И в приступе ярости полковник кинул трубку на стол. Карта слегка смялась.
– Я бы попросил уважительно относиться к казённому имуществу, – железно прочеканил НКВДшник.
– А вы, Исаак Иосифович, можете везти меня в свой чёртов ГУЛАГ прямо сейчас! – в изнеможении прошипел командир, выставив вперёд обе руки, чтобы чекист мигом накинул на них наручники. – Либо расстреляйте вовсе.
Однако гебист не стал арестовывать или убивать своего собеседника.
– Ой, ну что вы, Геннадий Викторович! – медленно развел руками НКВДшник. В его словах можно было ясно расслышать нотки сарказма. – Ваш военный гений мне ещё нужен. Необходимо как-то вывезти всю эту огромную массу людей, превратить снова в боеспособную армию… А вы тут сидите, Геннадий Викторович, слюни распустили, как детсадовец, старшего вас по званию командира посылаете. Товарища Сталина вы бы так же послали?

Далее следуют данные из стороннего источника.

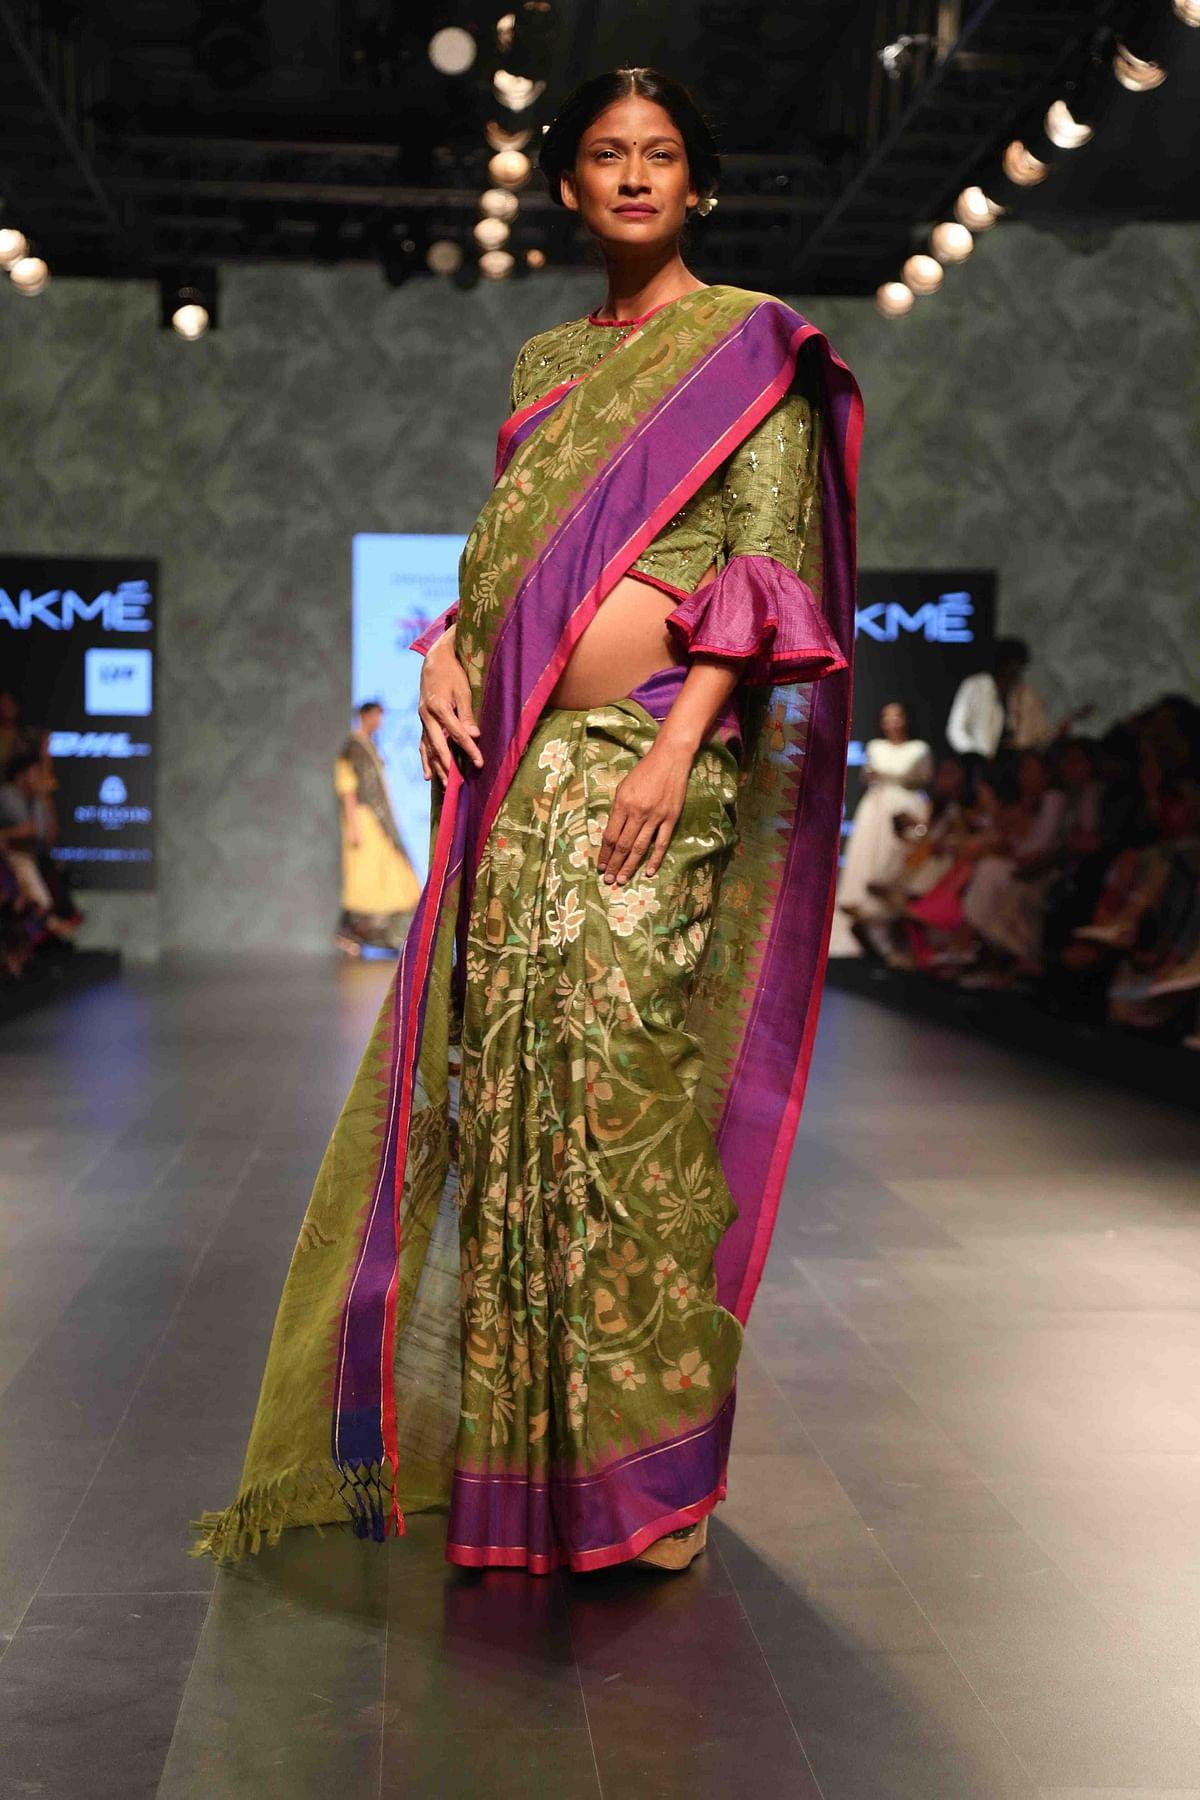 Carol Gracias walks at the Fashion Week for designer Gaurang Shah (Photo: Yogen Shah)

Кривые уголки его рта приподнялись, образуя наглую ухмылку.
– Он первый меня послал! – оправдывался полковник.
– Вы не ответили на мой вопрос.
– Предложение Гагина я передал, мне грубо отказали, в то время, когда немцы стоят в двадцати километрах от нас!!! – окончательно взорвался Геннадий Викторович. – Что ещё прикажите мне делать!?

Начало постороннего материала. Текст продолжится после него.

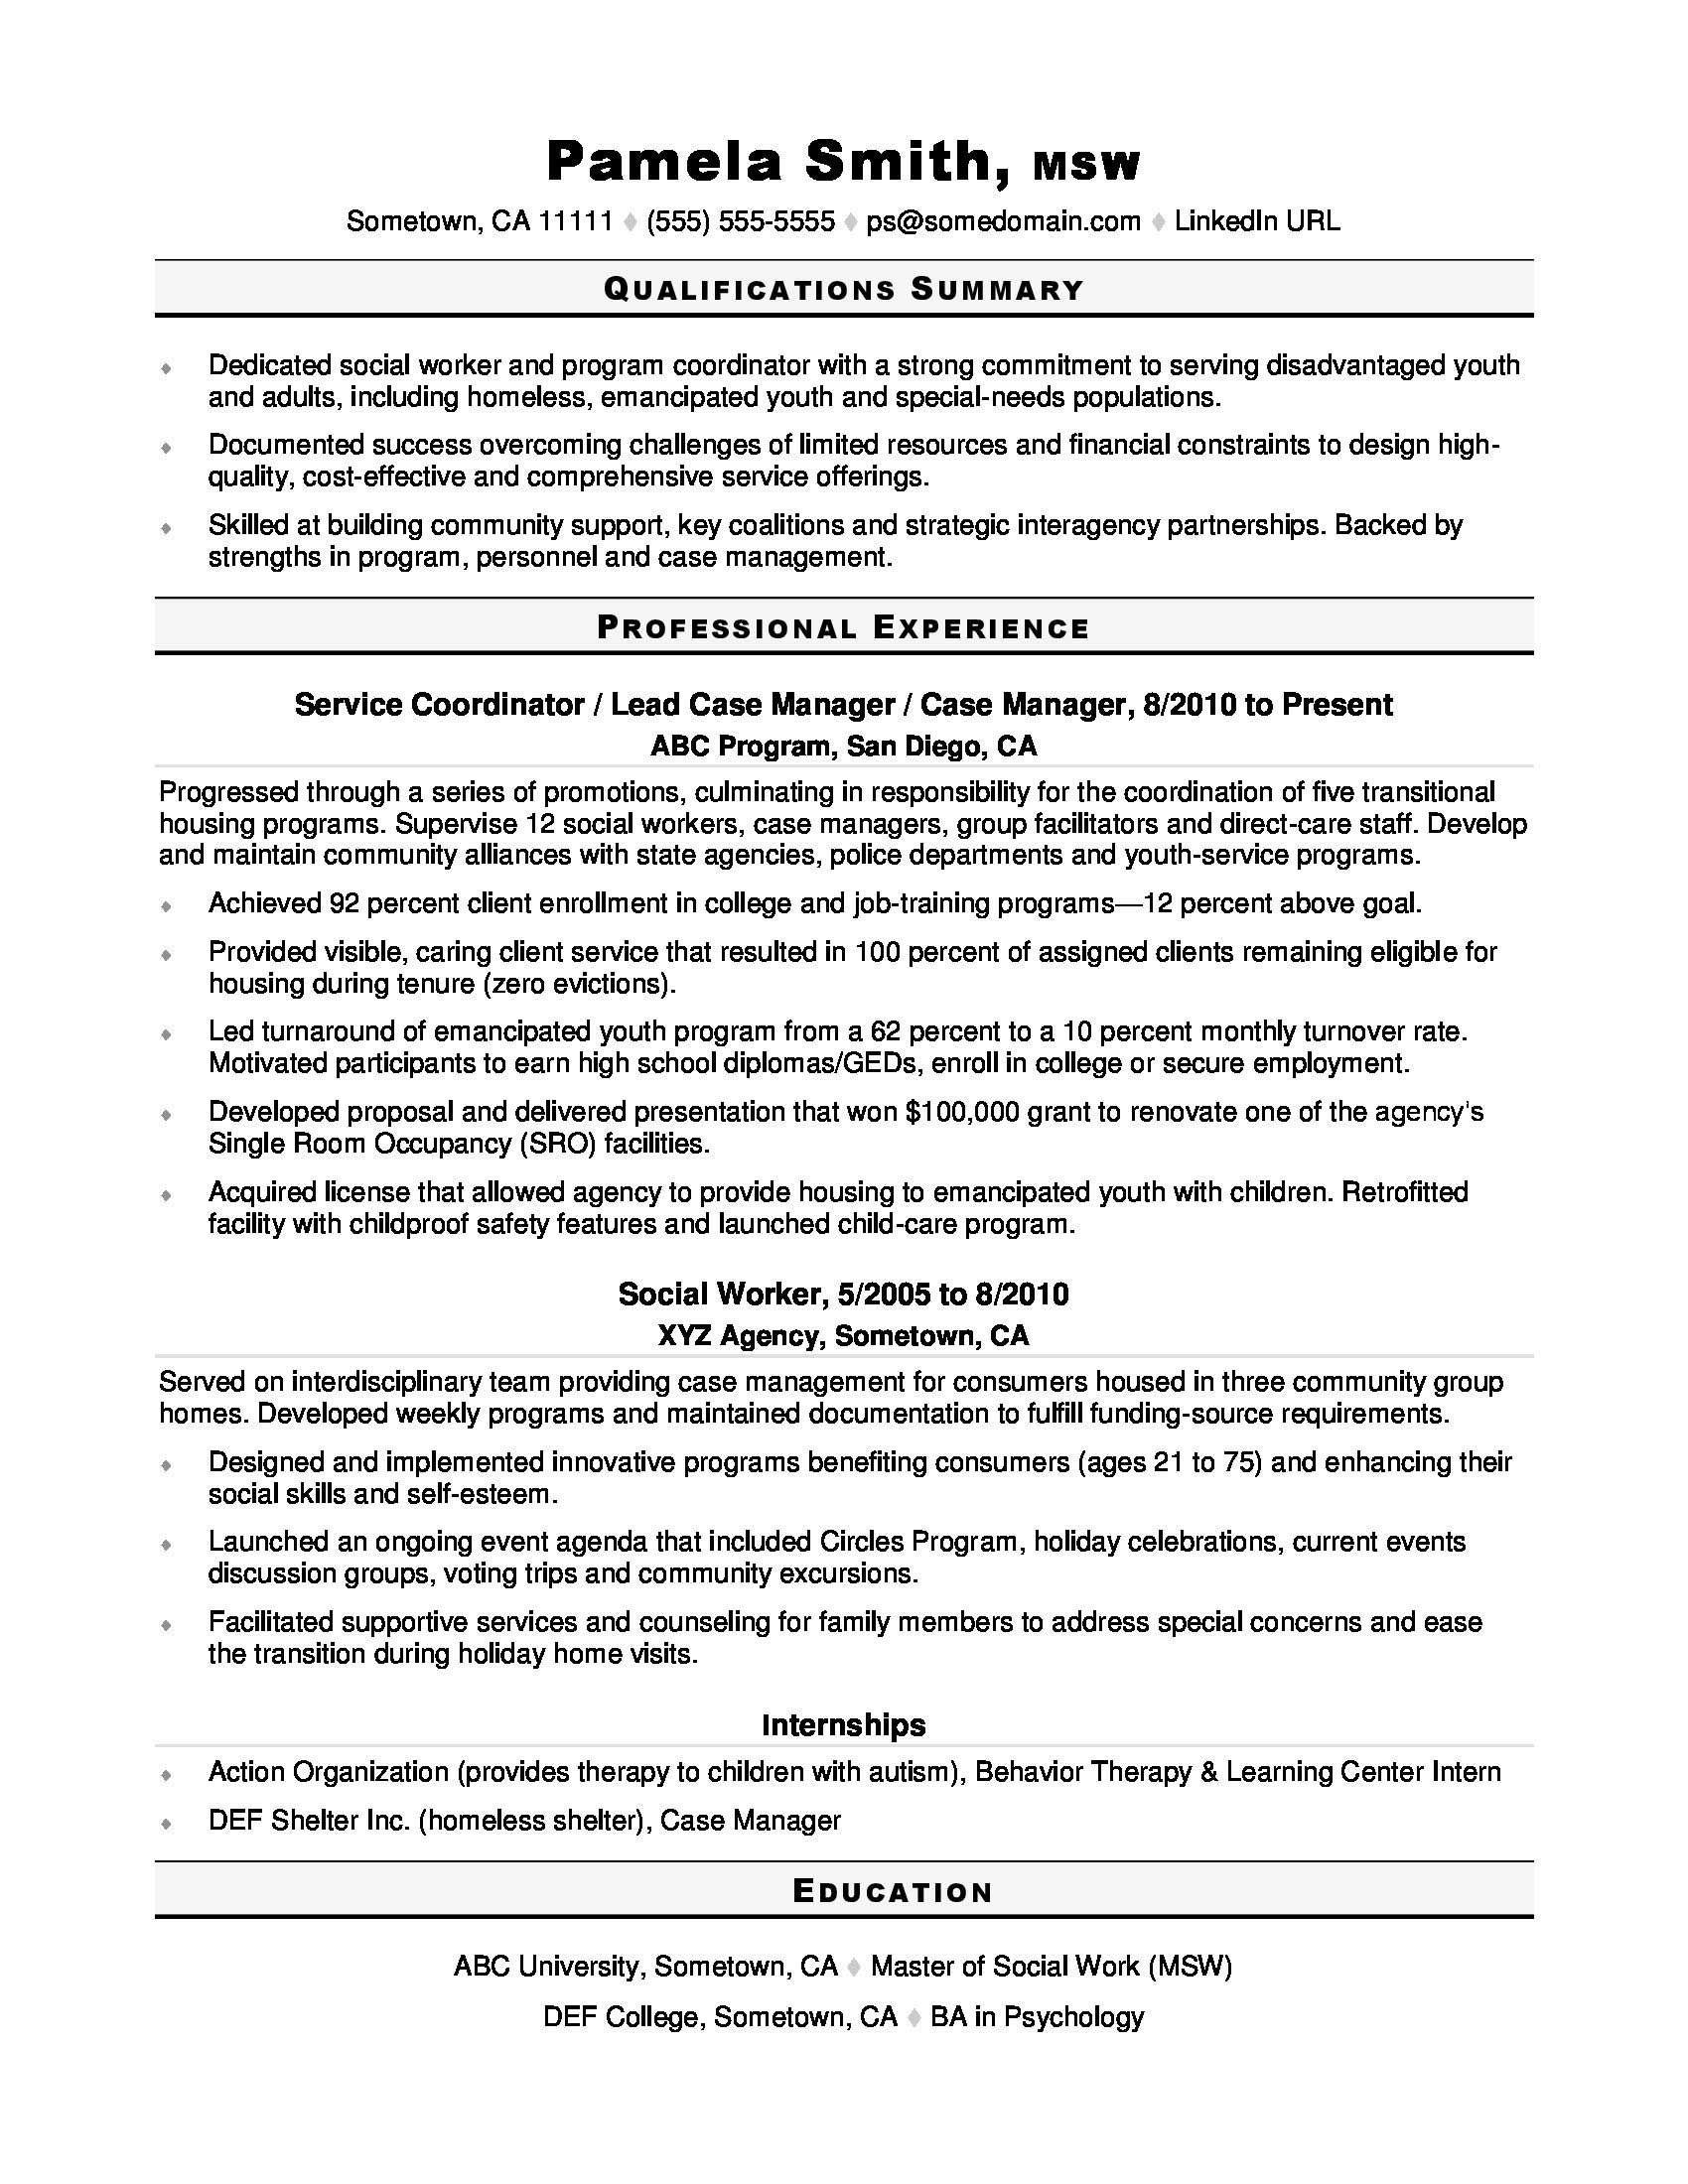 30 accounts payable resume objective resume objective

– Ну, для начала успокоиться. – Исаак Иосифович продолжал ухмыляться, беря рацию одну рукой и поднимаясь. – Вот эта штука вам больше не понадобится. Октябрьский пропал, Семёнов ждет приказа сверху, а на самом верху ничего ещё толком не знают.
– Может, вы мне сами посоветуете что-нибудь дельное? – выпучил глаза командир. – Может, в душе не у меня, а у вас живёт Багратион или Кутузов?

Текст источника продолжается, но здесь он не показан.